In 1931, he founded Polski słownik biograficzny (The Polish Biographical Dictionary) and served as its first editor, seeing seven volumes through press, 1935–1949, before being forced by Poland's postwar communist government to resign his editorship. Konopczyński's great merit lays in the initiation and commencement of the publication of the largest collective work of Polish inter-war historiography. In 1930, under the auspices of the Polish Academy of Arts and Sciences, a Temporary Editorial Committee was established with Konopczyński as its chairman. His intention was not to create a monograph, but to provide basic facts and a comprehensive source basis for a given person. That would allow a wide range of readers to delve into more detailed research. From 1934, Konopczyński, as the editor-in-chief, began to collect biographies for the first volume of the dictionary, which included entries for the letters A and B. He planned to produce 20,000 biographies in 20 volumes published over 20 years. Many of his former and contemporary students also contributed to this work, including Emanuel Rostworowski, Władysław Czapliński, Józef Feldman, and Józef Andrzej Gierowski.

He wrote histories of Poland and of the modern world. In his own time, he participated as a member of the Polish delegation at the Paris Peace Conference, 1919 and as a representative of Popular National Union in the Sejm between 1922 and 1927 during the Second Polish Republic. He argued for the recognition of the role of Roman Dmowski in the fight for Polish independence.

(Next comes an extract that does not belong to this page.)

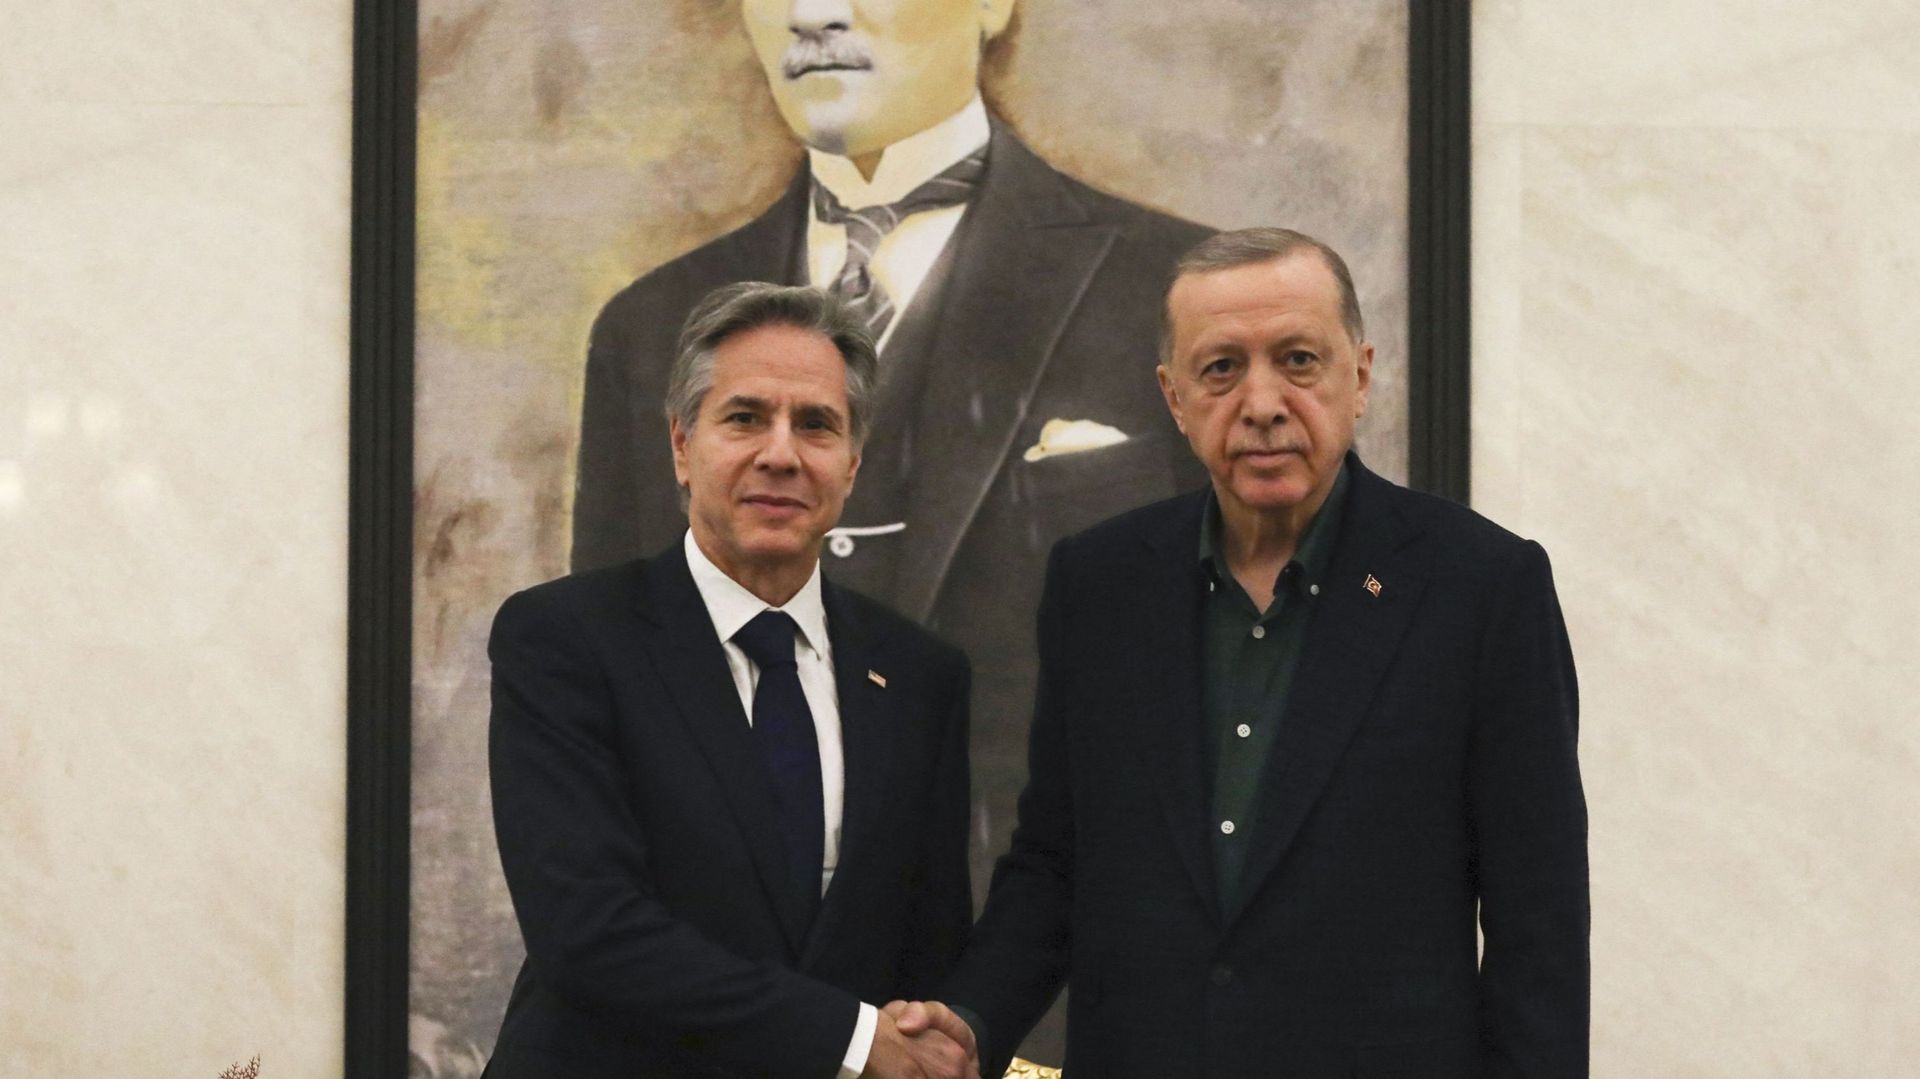 Le secrétaire d'État américain Antony Blinken serre la main du président turc Recep Tayyip Erdogan lors de leur rencontre à l'aéroport d'Esenboga à Ankara, le 20 février 2023.

From his early youth, the historian showed great interest in politics and did not hide his all-Polish, i.e. nationalist, view of the world. While studying at the Russian University of Warsaw, he took part in the work of Brotherly Aid when the organisation was headed by young people connected with the Polish Youth Union "Zet". Although he did not formally join the Union, he took part in the meetings of this underground youth organisation, during which he gave lectures on Polish history. After his studies he devoted himself exclusively to scientific work. He returned to politics at the end of the First World War, as a strong supporter of National Democracy and an opponent of the Krakow activists. However, it was only at the end of 1917, after long hesitations and disputes with Franciszek Bujak, that he joined the secret National League, where he was a commissioner after Stefan Rowiński resigned, and then a member of the General Council, until its dissolution in 1927.
In May 1918 Konopczyński was in Prague at the Slavic Congress. In November that year, on behalf of the Polish Liquidation Commission, he was seeking intervention in Lwow at the Belgrade headquarters of the Allies, as Lwow was at the time being besieged by the Ukrainians. During the conversation with General Paul Henry, he demanded the establishment of the Allied occupation of Lwow, Stanislawow, Stryj and Boryslaw. Despite their constructive discussion, the General did not agree to send French troops to Poland, citing the paucity of the forces and lack of communication with Lwow as the reasons. From February to June 1919, the scholar took part in a conference of the powers in Paris, as an expert for the Polish Bureau of Congress Work. He dealt with historical and legal issues and the preparation of publications of the Polish Committee. However, he was aware of the fact that the group of experts and advisors arriving in France in February 1919 did not have much influence on the territorial programme of the Polish delegation, as it had already been prepared by the activists of the Polish National Committee headed by Roman Dmowski. During the Polish-Bolshevik war, Konopczyński volunteered to join the army and was an instructor of the artillery of the common movement in the Krakow garrison.Two years earlier, on 8 October 1918, he became a member of the now openly operating Democratic and National Party.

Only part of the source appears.